Ha detto: smetto a 40 anni. Pensa già al dopo?
“Al ‘dopo’ mancano ancora due anni di attività che dovranno essere vissuti con il massimo della concentrazione perché ogni anno sarà sempre più difficile vincere, perché ogni anno le concorrenti migliorano. In Italia e in Europa. Sul futuro non ho ancora progetti concreti e credo ci sia il tempo per valutare quali potranno essere le strade migliori da percorrere”.
Ha detto anche che non vorrebbe fare l’allenatore, mentre il ruolo di selezionatore l’affascina. Perché?
“Diciamo che si è un po’ enfatizzata una mia battuta relativa all’eventuale possibilità di allenare una Nazionale. Con il sorriso sulle labbra ho risposto che sarebbe stato affascinante, dovendo immaginare un possibile futuro da allenatore, poter allenare una nazionale come la Cina o gli Stati Uniti”.
Si sente un simbolo?
“Preferisco separare la sfera privata e personale dalla dimensione sportiva e professionale. Mi spiego meglio: mi reputo una persona assolutamente normale con pregi e difetti come ogni altro individuo.

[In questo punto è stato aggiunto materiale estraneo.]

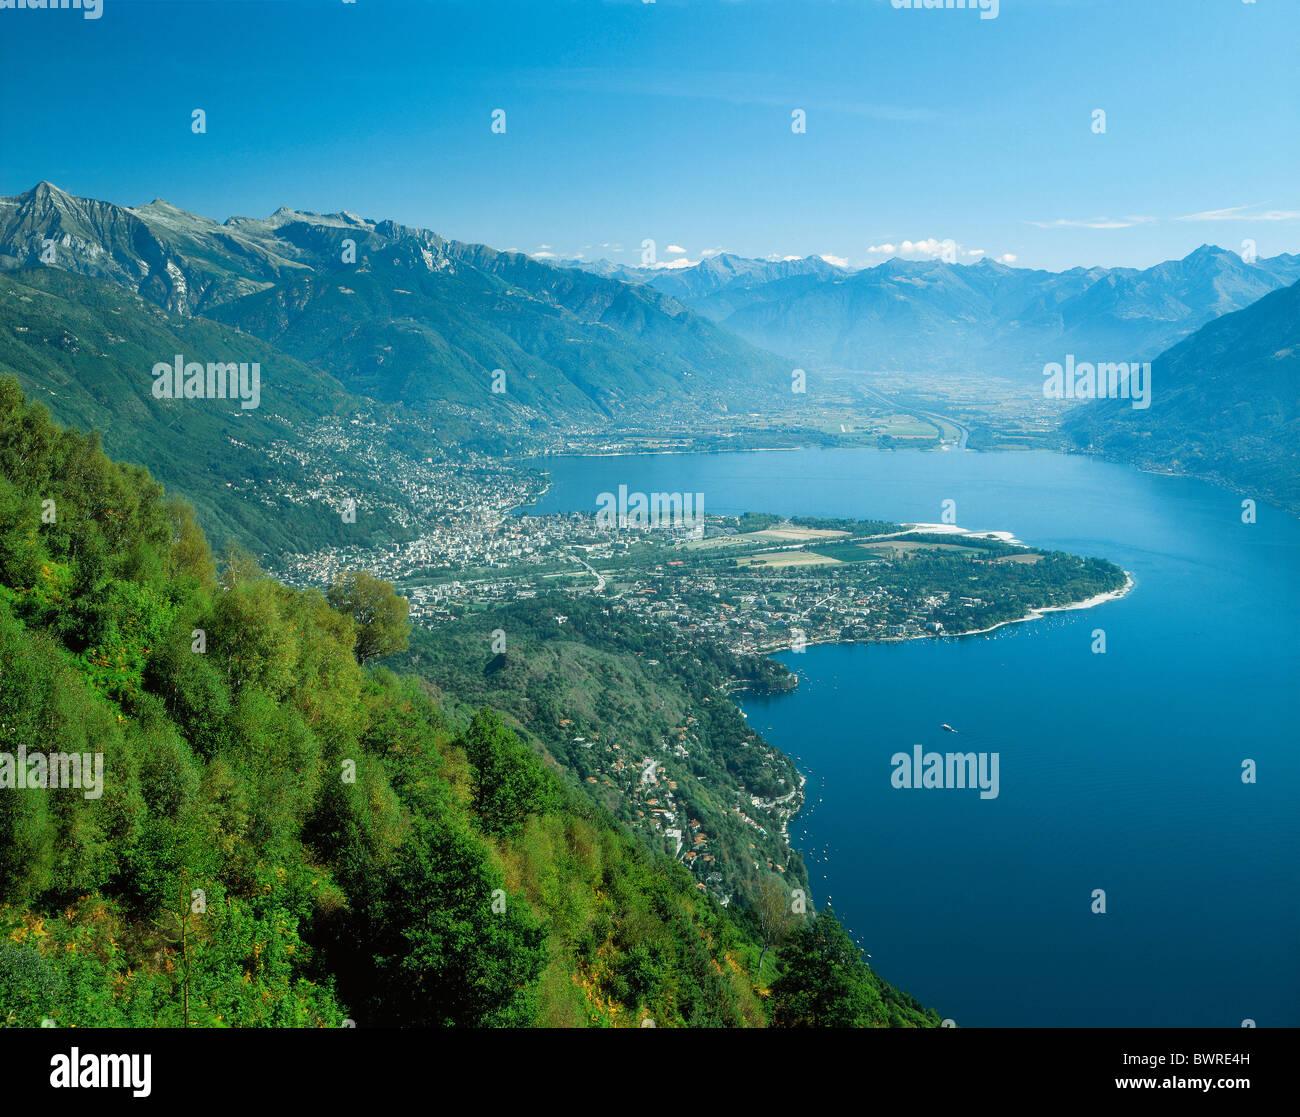 switzerland europe lago maggiore ascona locarno canton. Black Bedroom Furniture Sets. Home Design Ideas

Guardando invece alla carriera sportiva, penso di aver raggiunto risultati e traguardi straordinari, grazie alla professionalità e all’abnegazione che certamente possono rappresentare – e ne sarei orgoglioso – un modello da seguire”.
Che cosa significa essere il capitano della Juventus?
“Significa rappresentare e raccontare uno stile, un ambiente, un gruppo. Significa dimostrare con il proprio esempio quotidiano cosa significa essere consapevoli del valore di una maglia e dell’importanza che questa rappresenta per milioni di tifosi. Quando diventi capitano di una squadra vuol dire che è passato un po’ di tempo. Io non posso che essere felice di poter essere un uomo importante per questa squadra e per questa società. E sono ancora più felice del fatto che I tifosi della Juve siano orgogliosi che io li rappresenti”.
E che cosa significa essere capitano della Nazionale?
“Il principio è davvero molto simile. Oserei dire identico. La Juventus è uno tra i club più importanti al mondo e certamente il più amato in Italia. La Nazionale è una dimensione ancora diversa. Rappresentare la propria nazione e avere la fortuna di farlo nel mondo è un privilegio”.
Buffon ha ancora un obiettivo?
“Buffon ha tanti obiettivi. Personali e sportivi. Dal punto di vista sportivo punto a giocare il Mondiale 2018 in Russia e a continuare a fare bene in Italia e in Europa con la Juventus”.